What are Data Mining and Knowledge Discovery?

What are Data Mining and Knowledge Discovery?
With the enormous amount of data stored in files, databases, and other repositories, it is increasingly important, if not necessary, to develop powerful means for analysis and perhaps interpretation of such data and for the extraction of interesting knowledge that could help in decision-making.
Data Mining, also popularly known as Knowledge Discovery in Databases (KDD), refers to the nontrivial extraction of implicit, previously unknown and potentially useful information from data in databases. While data mining and knowledge discovery in databases (or KDD) are frequently treated as synonyms, data mining is actually part of the knowledge discovery process. The following figure (Figure 1.1) shows data mining as a step in an iterative knowledge discovery process.
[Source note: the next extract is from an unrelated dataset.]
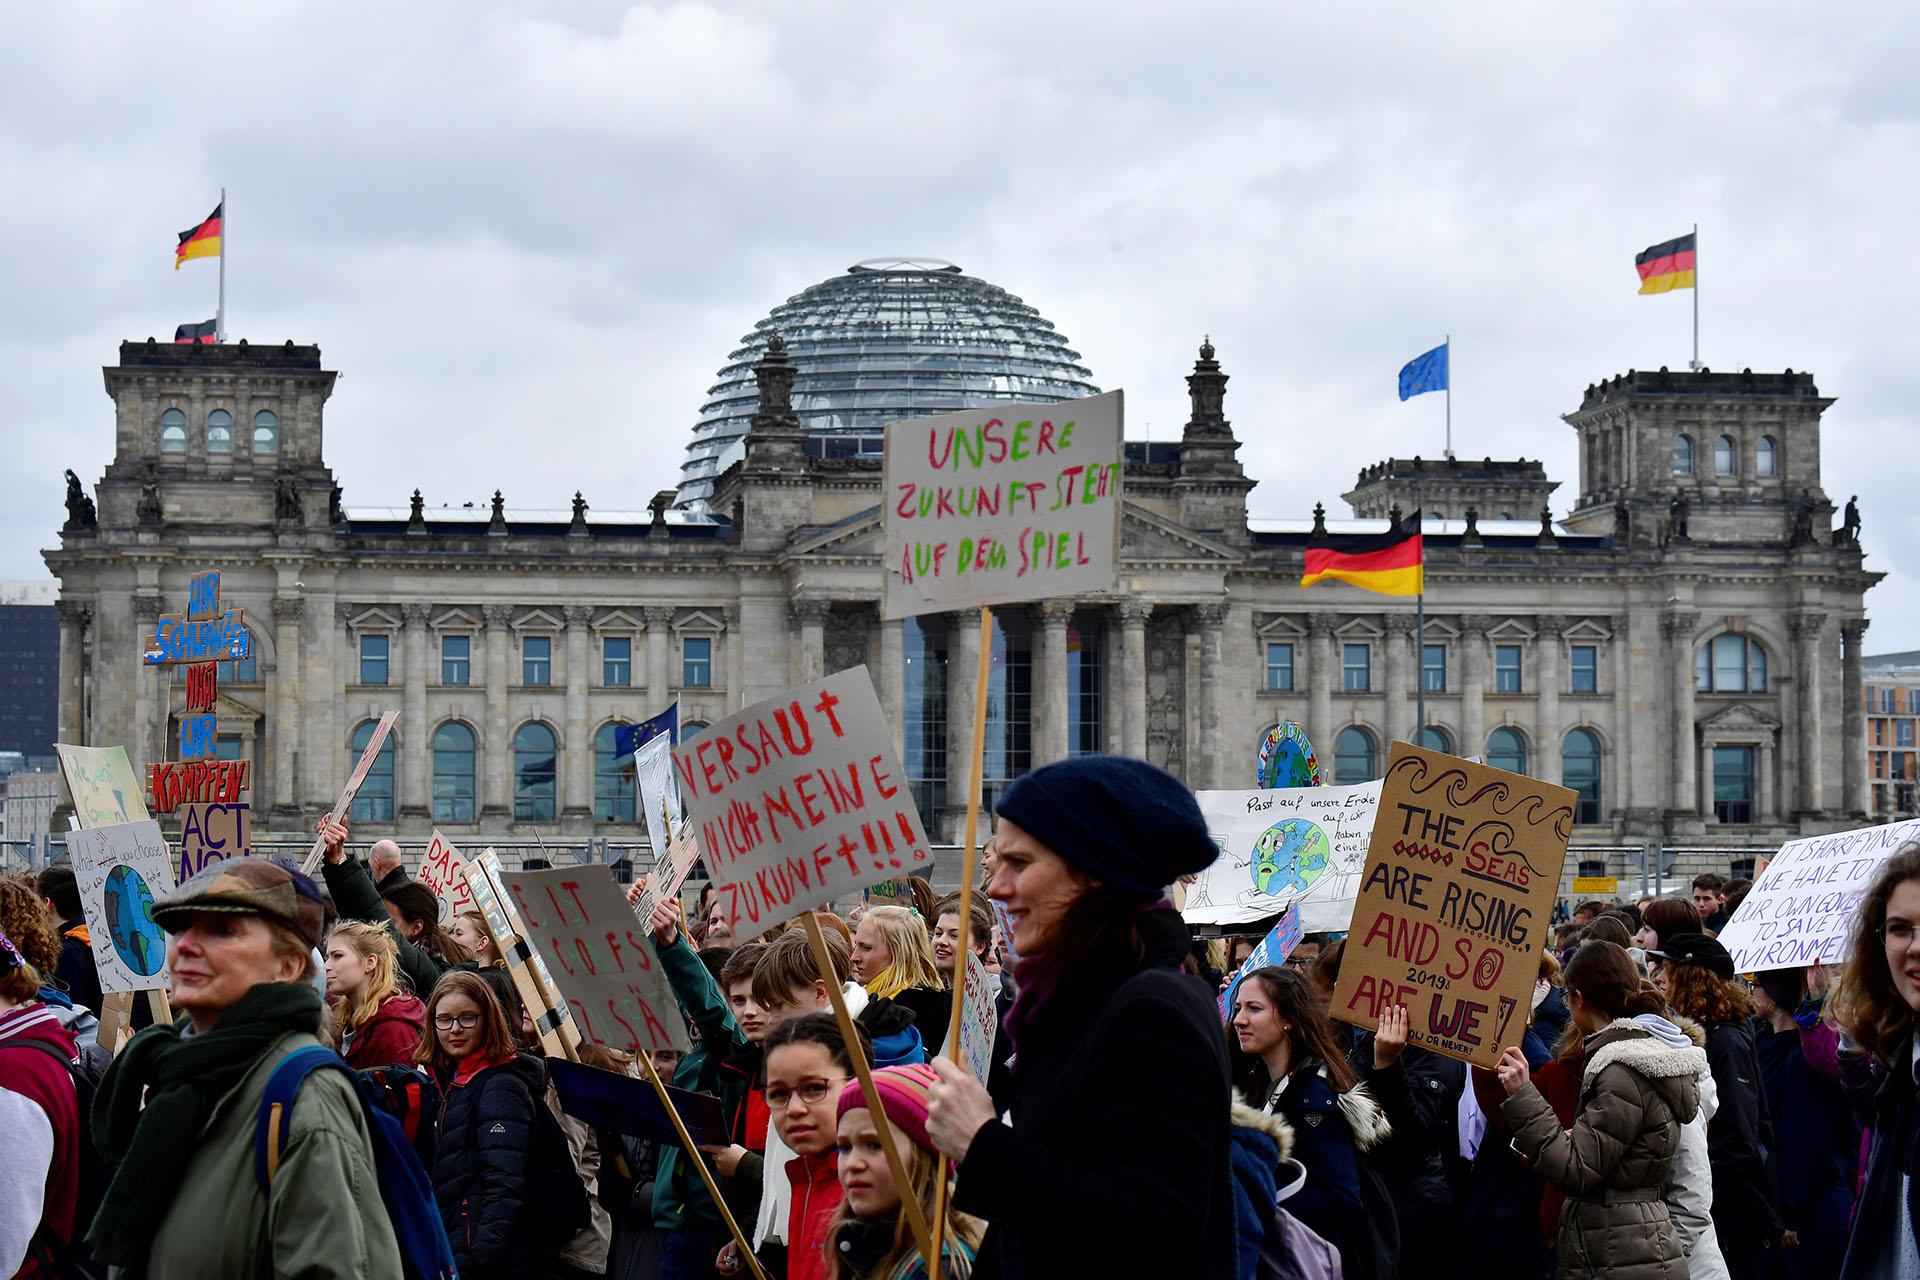 """Los jóvenes pasan por el edificio del Reichstag que alberga al parlamento alemán (Bundestag) durante el movimiento """"Viernes para el Futuro"""" en un día mundial de protestas estudiantiles con el objetivo de incitar a los líderes mundiales a actuar sobre el cambio climático el 15 de marzo de 2019 en Berlín. - Las protestas en todo el mundo fueron inspiradas por la activista sueca Greta Thunberg, quien acampó frente al parlamento en Estocolmo el año pasado para exigir la acción de los líderes mundiales sobre el calentamiento global. (Foto por Tobias SCHWARZ / AFP)"""

The Knowledge Discovery in Databases process comprises of a few steps leading from raw data collections to some form of new knowledge. The iterative process consists of the following steps:
• Data cleaning: also known as data cleansing, it is a phase in which noise data and irrelevant data are removed from the collection.
• Data integration: at this stage, multiple data sources, often heterogeneous, may be combined in a common source.
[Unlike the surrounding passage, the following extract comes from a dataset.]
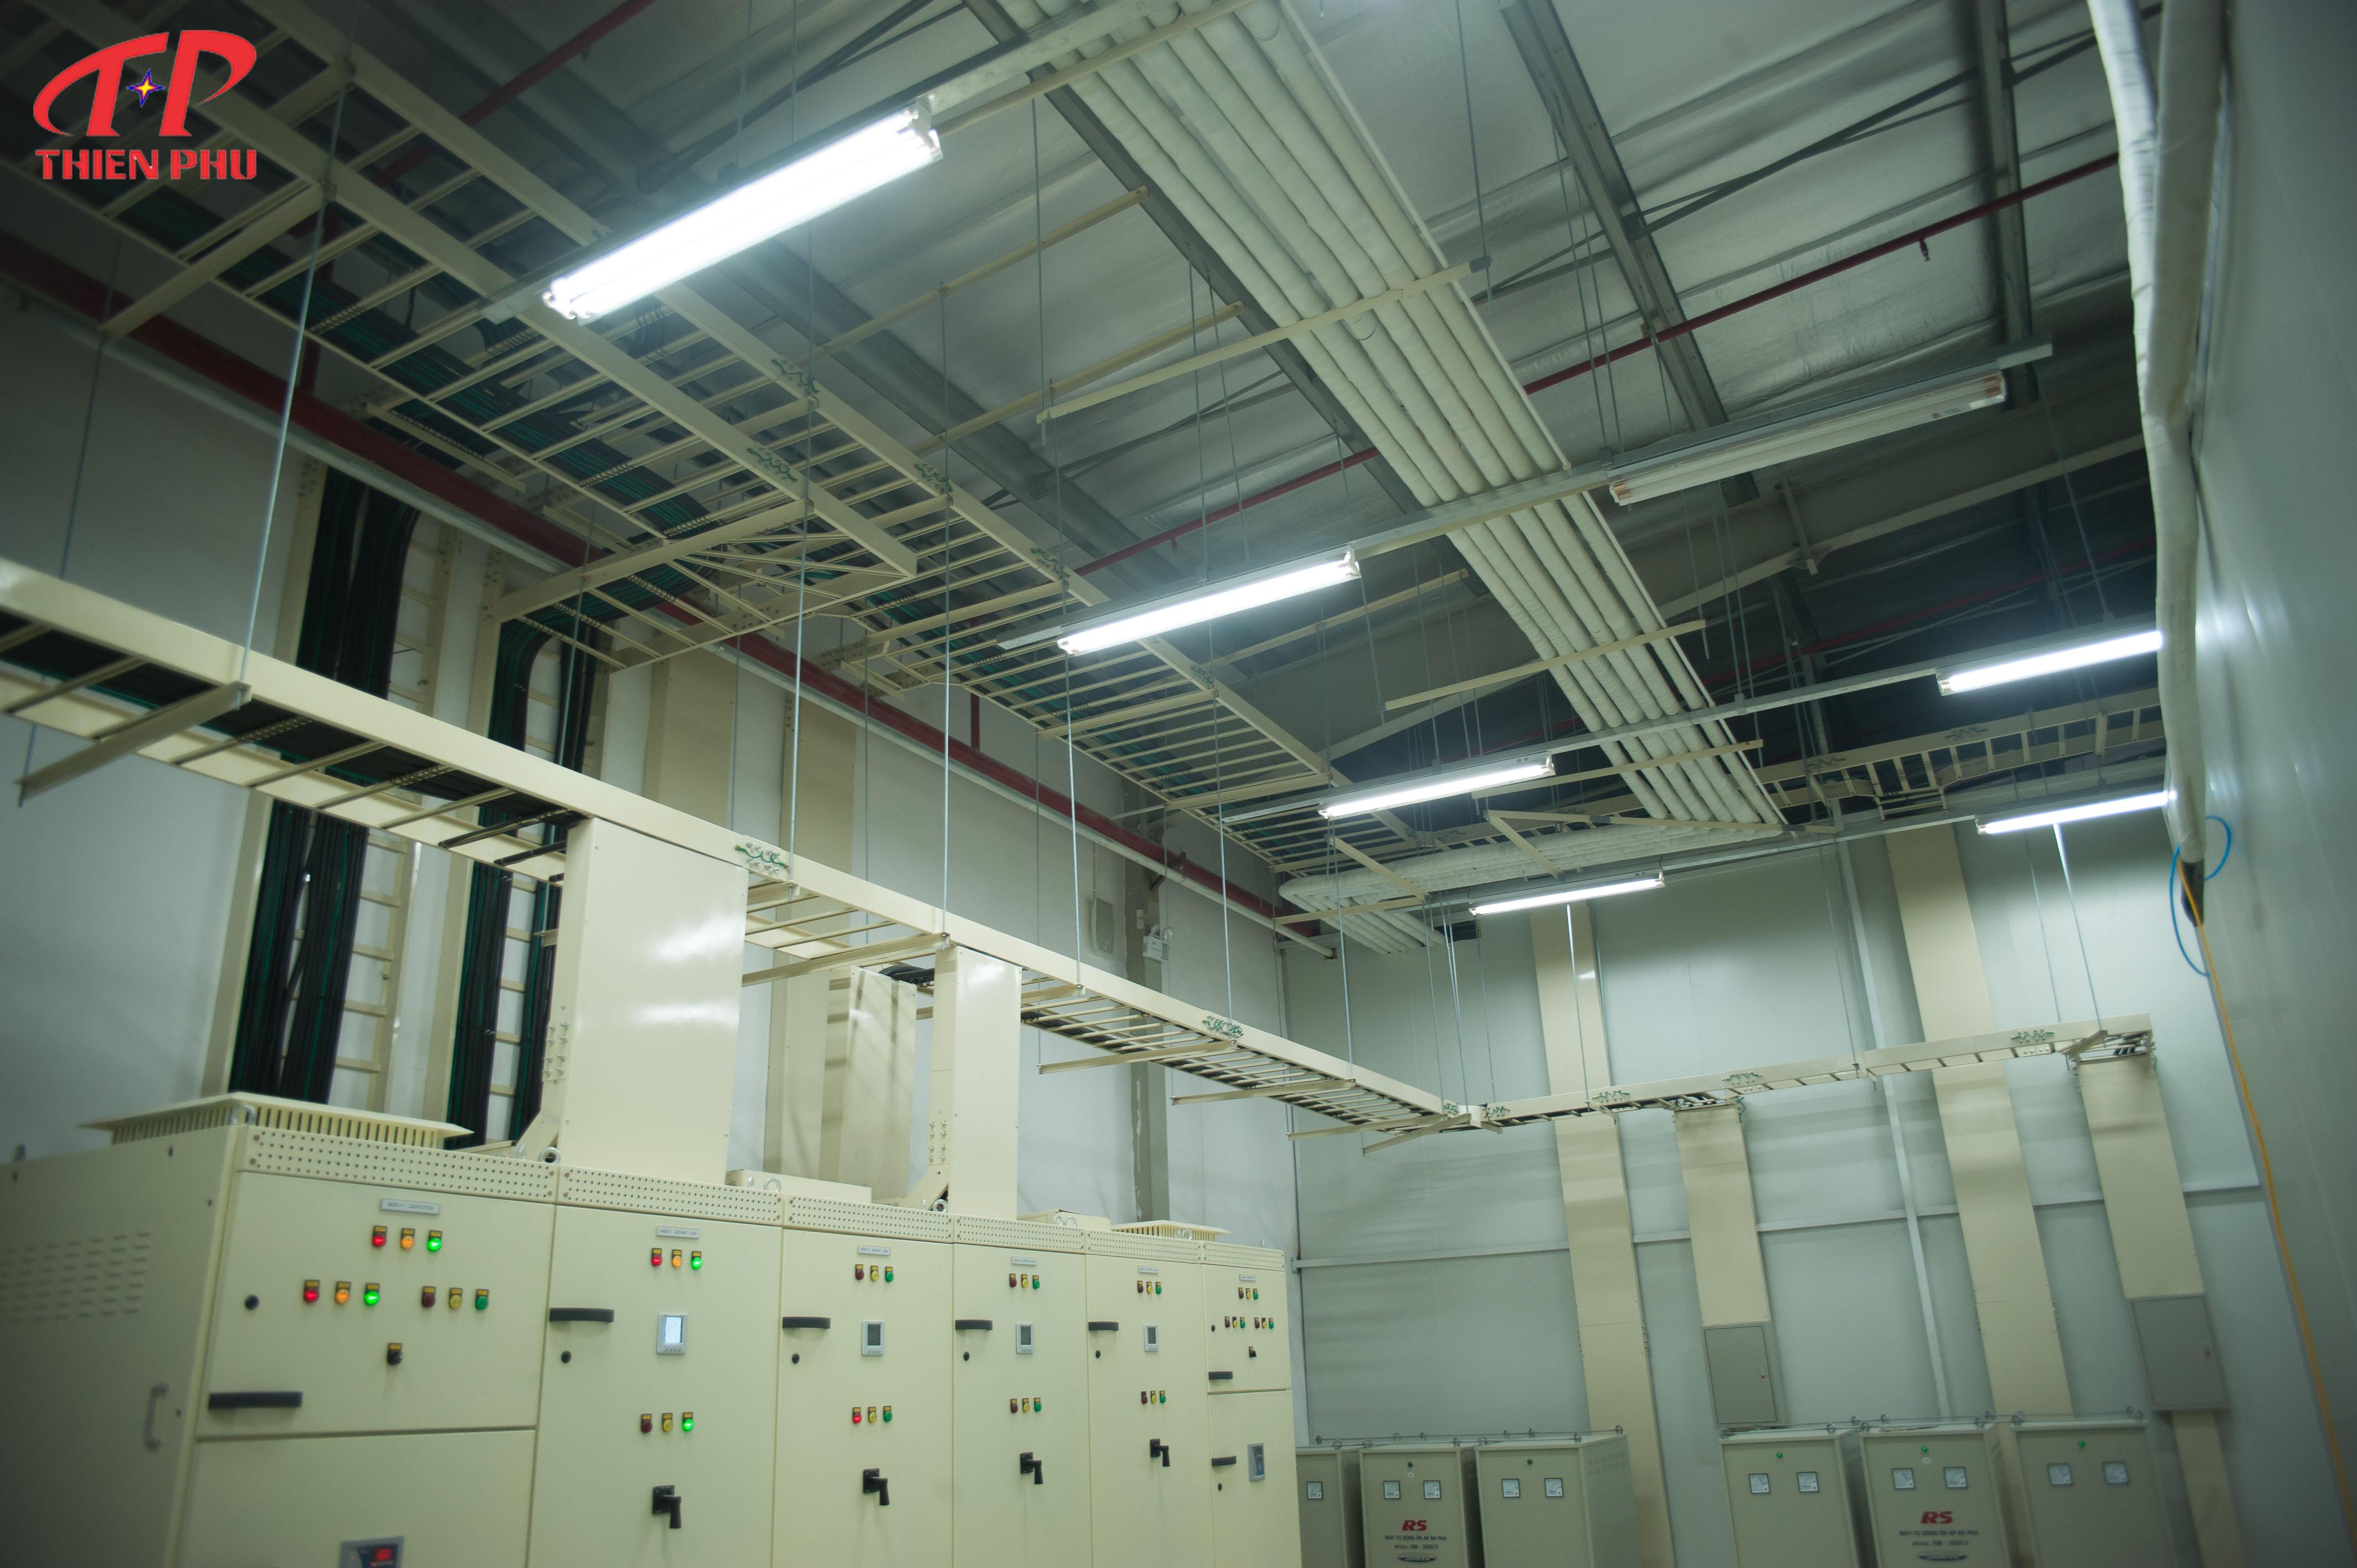 Nhận thầu thi công điện công nghiệp

• Data selection: at this step, the data relevant to the analysis is decided on and retrieved from the data collection.
• Data transformation: also known as data consolidation, it is a phase in which the selected data is transformed into forms appropriate for the mining procedure.
• Data mining: it is the crucial step in which clever techniques are applied to extract patterns potentially useful.
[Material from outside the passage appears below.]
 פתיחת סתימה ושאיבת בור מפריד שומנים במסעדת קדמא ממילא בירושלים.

• Pattern evaluation: in this step, strictly interesting patterns representing knowledge are identified based on given measures.
• Knowledge representation: is the final phase in which the discovered knowledge is visually represented to the user. This essential step uses visualization techniques to help users understand and interpret the data mining results.
It is common to combine some of these steps together. For instance, data cleaning and data integration can be performed together as a pre-processing phase to generate a data warehouse. Data selection and data transformation can also be combined where the consolidation of the data is the result of the selection, or, as for the case of data warehouses, the selection is done on transformed data.
The KDD is an iterative process. Once the discovered knowledge is presented to the user, the evaluation measures can be enhanced, the mining can be further refined, new data can be selected or further transformed, or new data sources can be integrated, in order to get different, more appropriate results.
Data mining derives its name from the similarities between searching for valuable information in a large database and mining rocks for a vein of valuable ore. Both imply either sifting through a large amount of material or ingeniously probing the material to exactly pinpoint where the values reside. It is, however, a misnomer, since mining for gold in rocks is usually called "gold mining" and not "rock mining", thus by analogy, data mining should have been called "knowledge mining" instead. Nevertheless, data mining became the accepted customary term, and very rapidly a trend that even overshadowed more general terms such as knowledge discovery in databases (KDD) that describe a more complete process. Other similar terms referring to data mining are: data dredging, knowledge extraction and pattern discovery.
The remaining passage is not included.